Tarcha Peter J, Pelisek Jaroslav, Merdan Thomas, Waters Jan, Cheung Kent, von Gersdorff Katharina, Culmsee Carsten, Wagner Ernst
Departments of Advanced Drug Delivery, Abbott Laboratories, North Chicago, IL, USA.
Biomaterials. 2007 Sep;28(25):3731-40. doi: 10.1016/j.biomaterials.2007.04.037. Epub 2007 May 3.
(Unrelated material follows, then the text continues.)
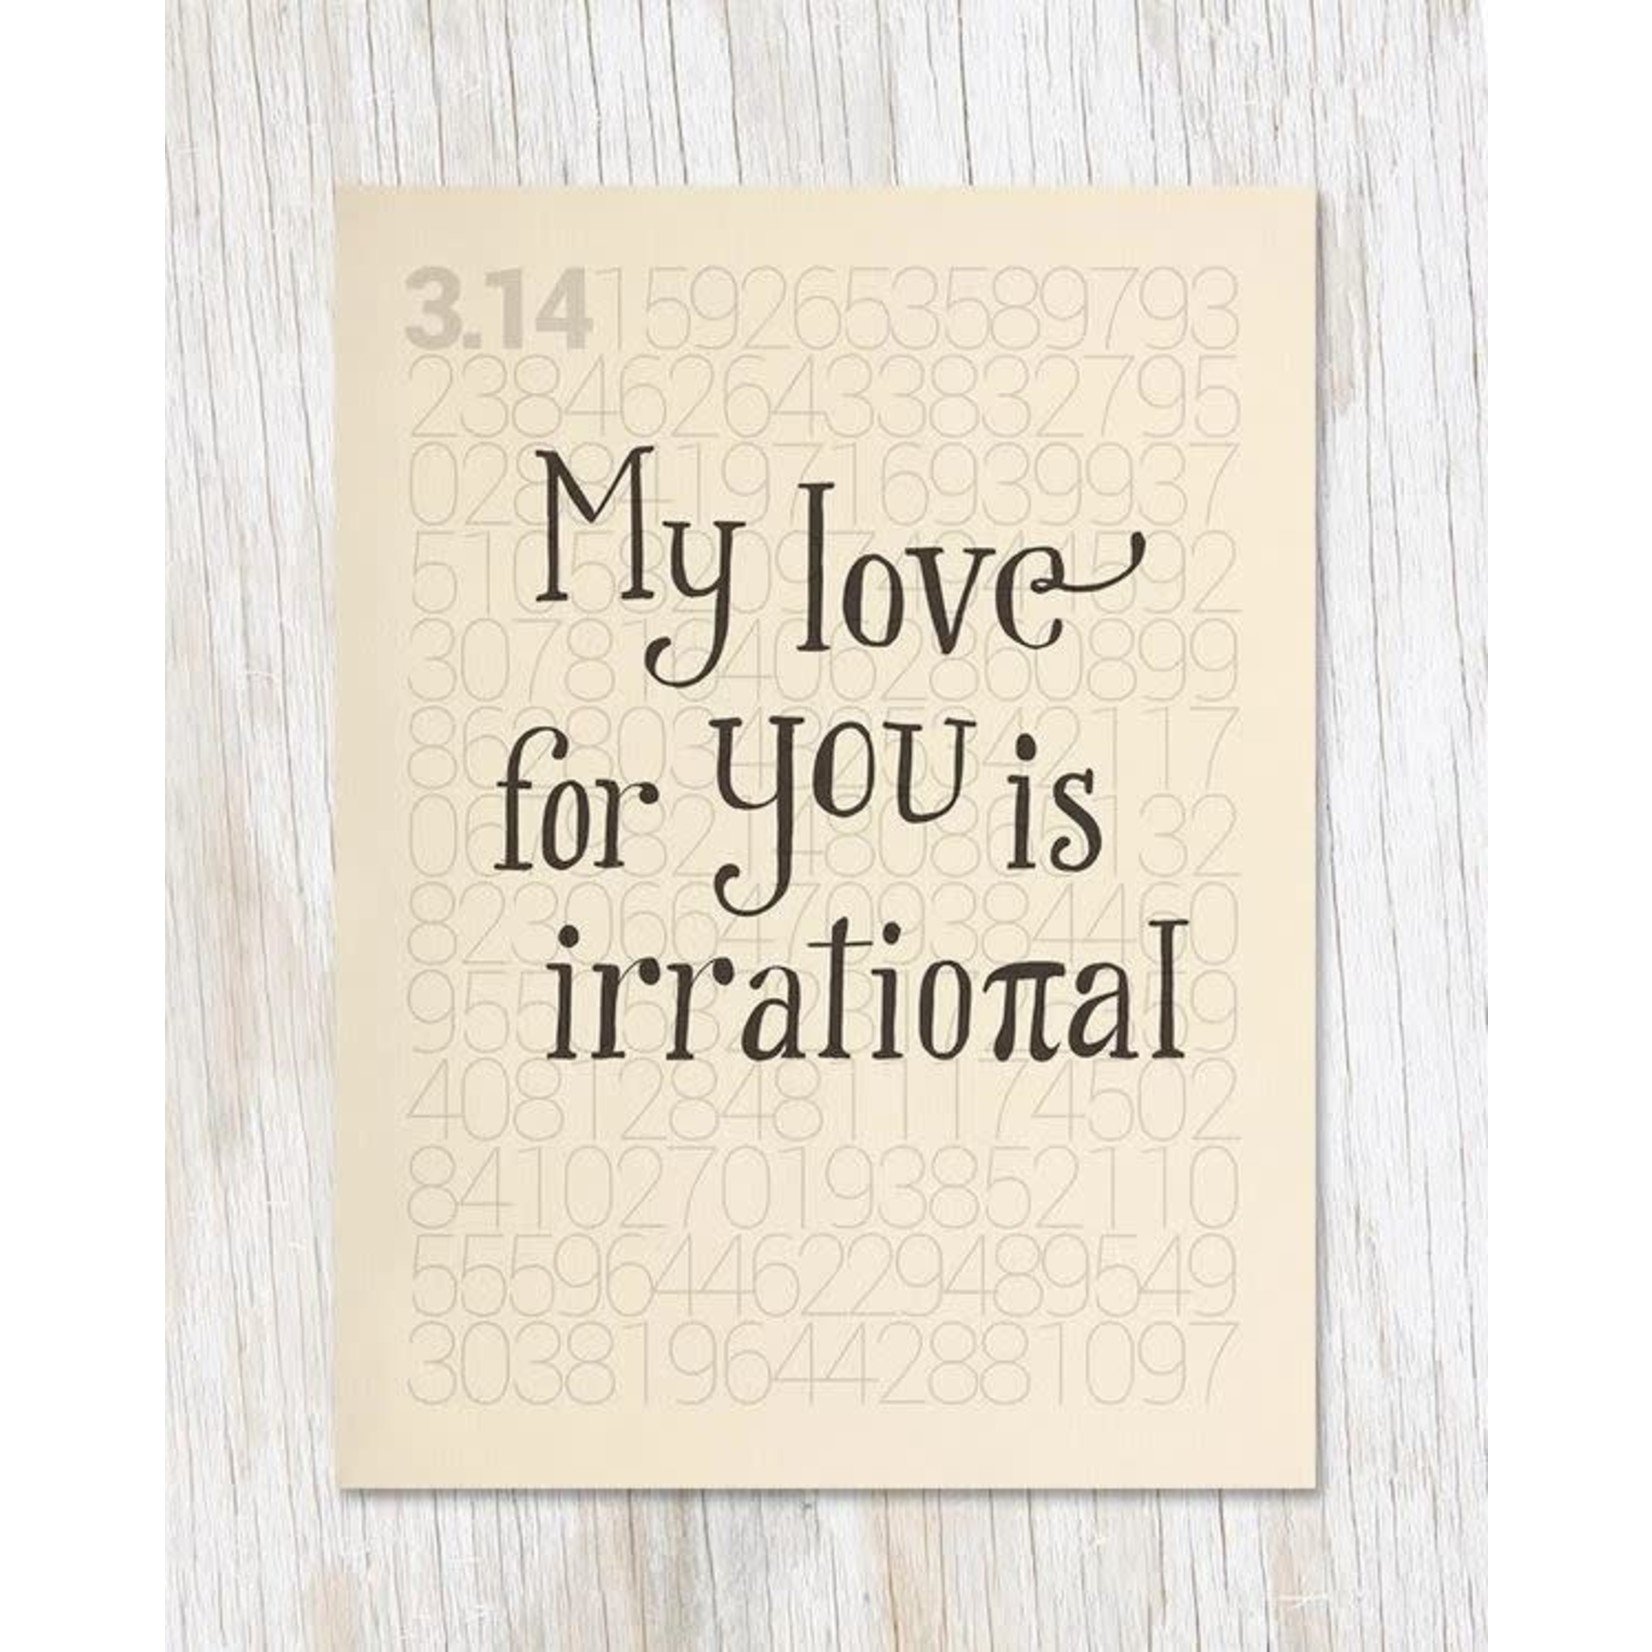 Science and Technology Card - Pi: Irrational Love

Polyethylenimines (PEI) are often inefficient in gene knockdown experiments with small interfering RNA (siRNA), presumably due to the strong complexing properties. A more efficient and potentially degradable oligoethylenimine-based carrier was synthesized by the condensation of 800 molecular weight PEI oligomers with hexanedioldiacrylate. Reaction conditions were chosen such that Michael reaction occurs followed by complete N-acylation of all residual ester bonds resulting in beta-aminopropionamide linkage sites and an average molecular weight of 30,000. Based on NMR analysis, these conditions produced 38% tertiary amides and 62% secondary amides, with about 2% residual carboxylate, presumably from hydrolysis. The ionizable equivalent weight of the carrier increased to 51, compared to a value of 43 for standard PEI. Sensible in vitro knockdown of the luciferase gene in stably transfected HUH7 cells, up to 80% in comparison to non-specific siRNA, demonstrated its suitability for siRNA delivery.
聚乙烯亚胺(PEI)在使用小干扰RNA(siRNA)进行基因敲低实验中往往效率不高,这可能是由于其强大的络合特性。通过将800分子量的PEI低聚物与己二醇二丙烯酸酯缩合,合成了一种更高效且可能可降解的基于低聚乙撑亚胺的载体。选择反应条件以使迈克尔反应发生,随后所有残留酯键完全N-酰化,产生β-氨基丙酰胺连接位点,平均分子量为30,000。基于核磁共振分析,这些条件产生了38%的叔酰胺和62%的仲酰胺,大概有2%的残留羧酸盐,可能来自水解。与标准PEI的43相比,该载体的可电离当量增加到了51。在稳定转染的HUH7细胞中对荧光素酶基因进行了合理的体外敲低,与非特异性siRNA相比高达80%,证明了其适用于siRNA递送。